Templo religioso foi construído em apenas 12 horas. O motivo? Uma rixa
31º34'N, 74º19'L
Mesquita Shab Bhar
Lahore, Punjab, Paquistão
Que tal resolver uma treta religiosa territorial, em que dois grupos disputam até mesmo uma esquina? A fim de evitar uma onda de intolerância, é melhor buscar um juiz externo para arbitrar o caso. E, para vencer, forneça o melhor argumento. Ou melhor, construa.
Templos não precisam demorar séculos para ficarem prontos. Às vezes, dá para fazer da noite para o dia. Literalmente, pelo menos segundo o que se conta em Lahore.
Que lugar é esse?
Em urdu, idioma oficial do Paquistão, "shab bhar" significa algo como "a noite toda", "ao longo da noite". Esse é o nome pelo qual é conhecida uma pequena mesquita que se tornou um símbolo pitoresco das disputas sangrentas entre muçulmanos e hindus no Subcontinente Indiano.
Em dezembro de 1934, segundo o relato oral do zelador da mesquita, o bairro de Shah Alami, em Lahore, foi palco de uma pequena, mas simbólica, disputa étnica. O caso foi descrito no livro "The Mosques of Colonial South Asia", da historiadora Sana Haroon, professora da Universidade de Massachusetts, nos Estados Unidos.
Um muçulmano, dono de uma barraquinha de comida de rua, disputava o mesmo espaço com um concorrente, hindu. Nenhum dos dois tinha qualquer documentação que comprovasse a propriedade do terreno. Um magistrado teria, portanto, que julgar o caso.

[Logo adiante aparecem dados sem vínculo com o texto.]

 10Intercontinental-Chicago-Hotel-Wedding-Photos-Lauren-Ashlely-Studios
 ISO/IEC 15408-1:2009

Então, um grupo chamado Anjuman-i Islamia teve uma ideia. Reuniu muçulmanos identificados com a causa nos arredores da antiga muralha da Lahore. Com barro e argila, os homens ergueram, na calada da noite, uma mesquita no terreno disputado.
O edifício era pequeno e simplório, o que não diminuía o feito. Em uma questão de poucas horas, supostamente entre o pôr e o nascer do sol, um templo brotou naquela área.

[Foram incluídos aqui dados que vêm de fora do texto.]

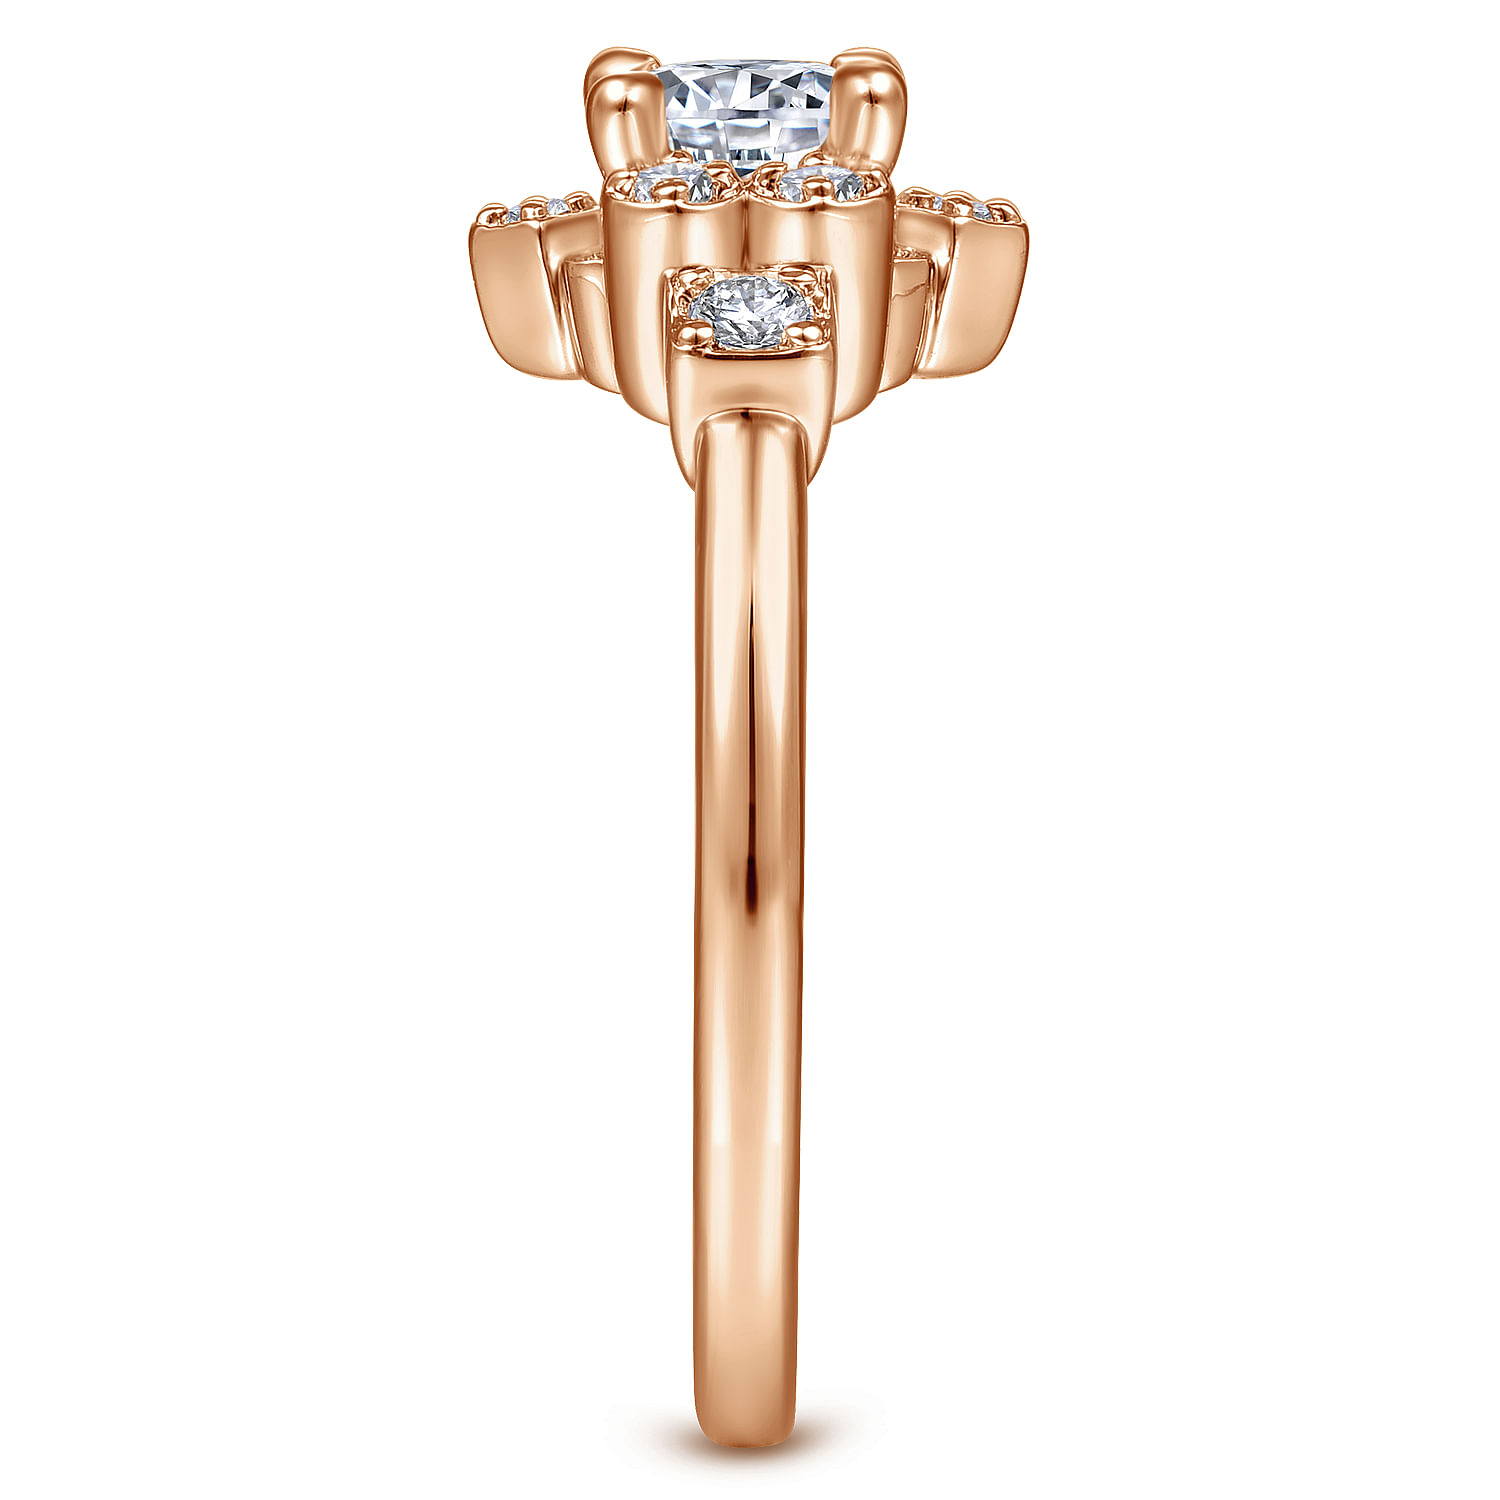 Unique 14K Rose Gold Halo Diamond Engagement Ring

A mesquita propriamente dita ficava no andar superior. No térreo, havia duas lojas, que foram oferecidas ao comerciante em troca do uso do espaço pelos religiosos.

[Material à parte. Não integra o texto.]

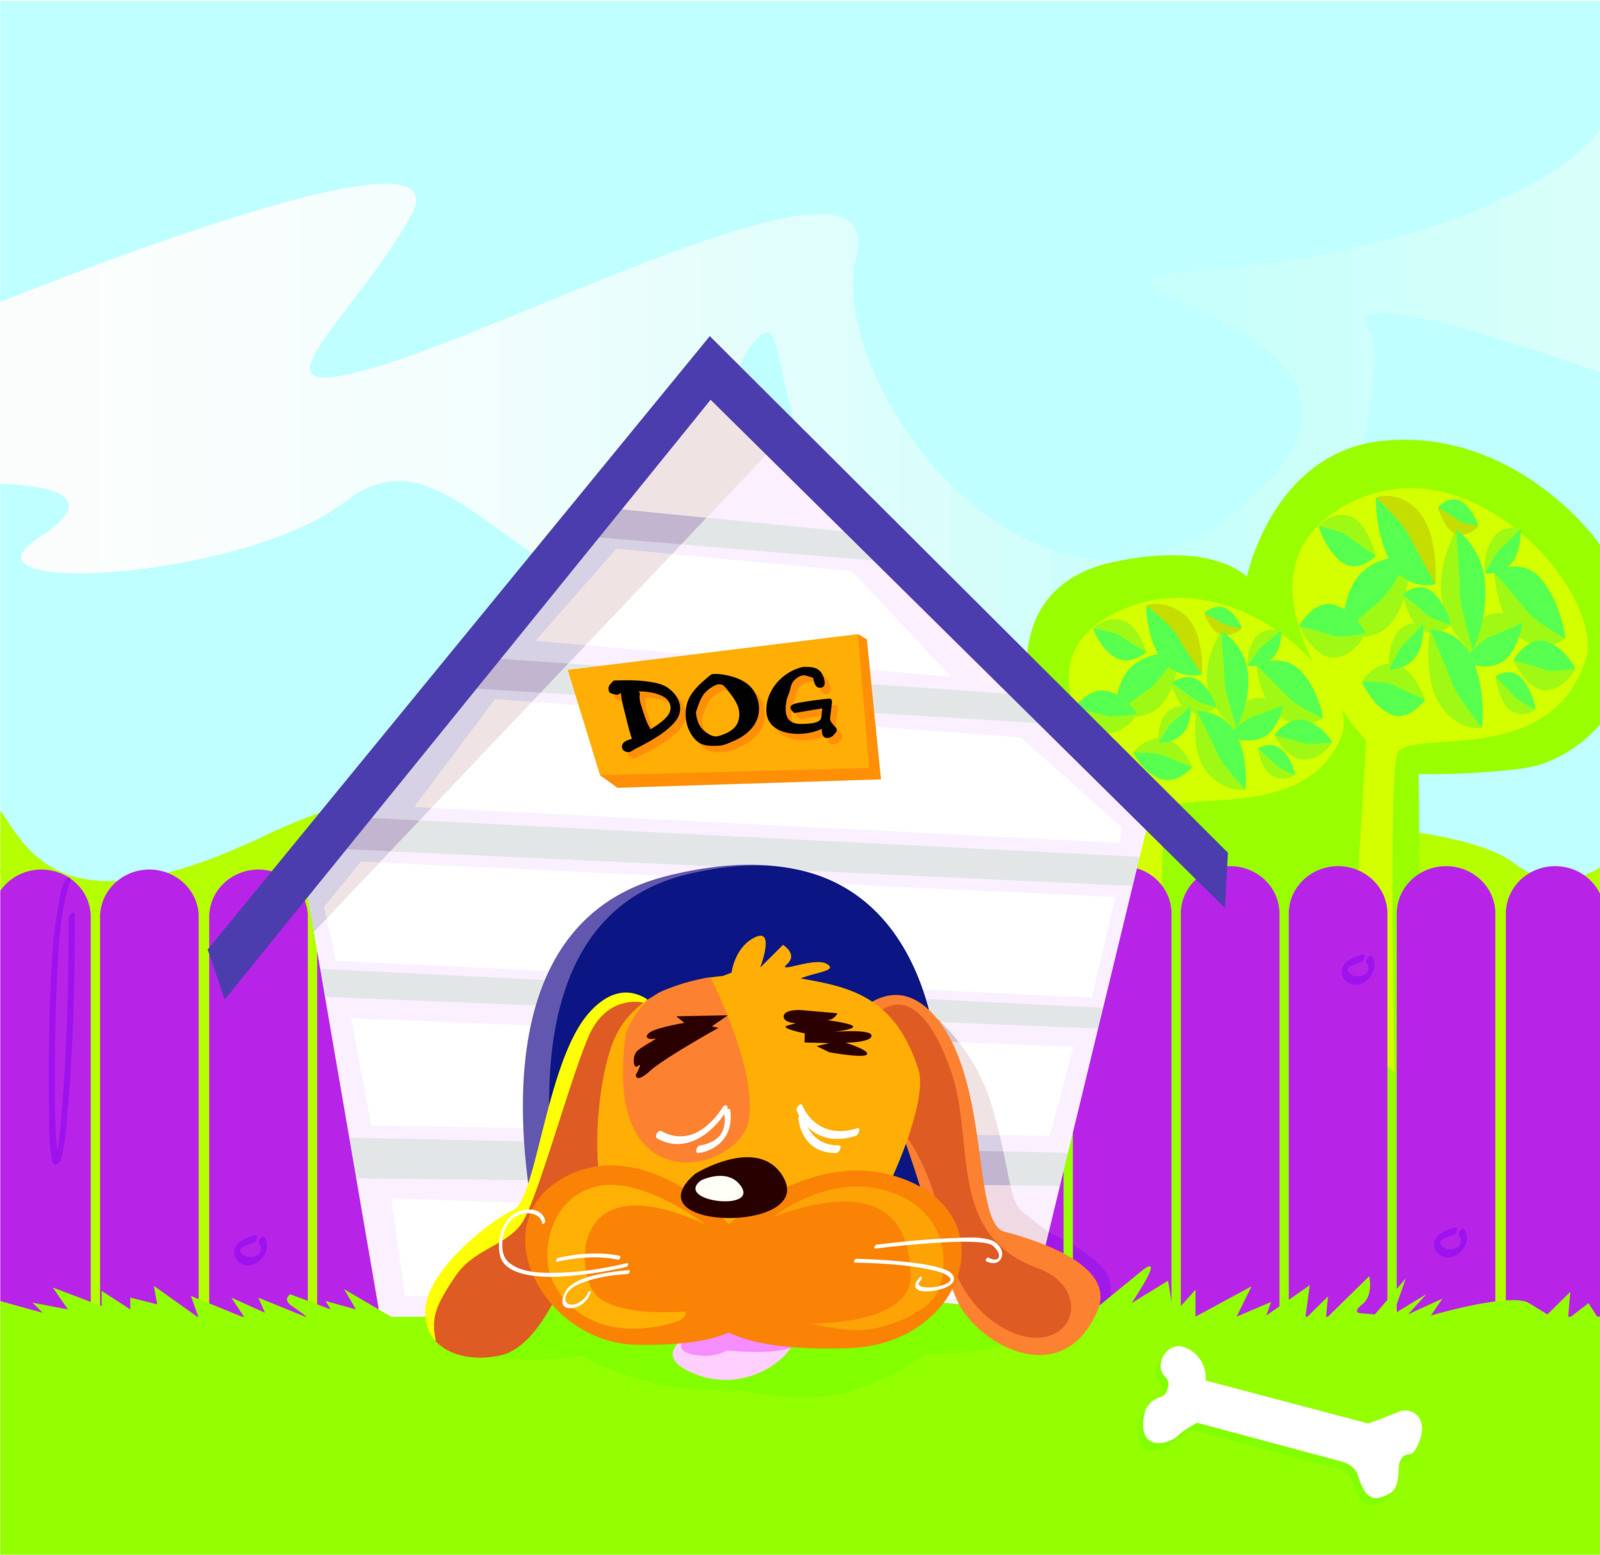 Dog sleeping in dog house by Lordalea

O magistrado concedeu a vitória ao grupo e, com a disputa resolvida, o município regularizou a venda do prédio ao Anjuman-i Islamia. A mesquita segue em funcionamento.
História tensa e lambança internacional
Àquela época, o Paquistão integrava a Índia Britânica, principal colônia do decadente Império Britânico. Após anos de luta pacífica, liderada por Gandhi, e alguns dias de muita violência em 1946, um plano começou a ser desenhado para criar um país de maioria hindu e outro, muçulmana.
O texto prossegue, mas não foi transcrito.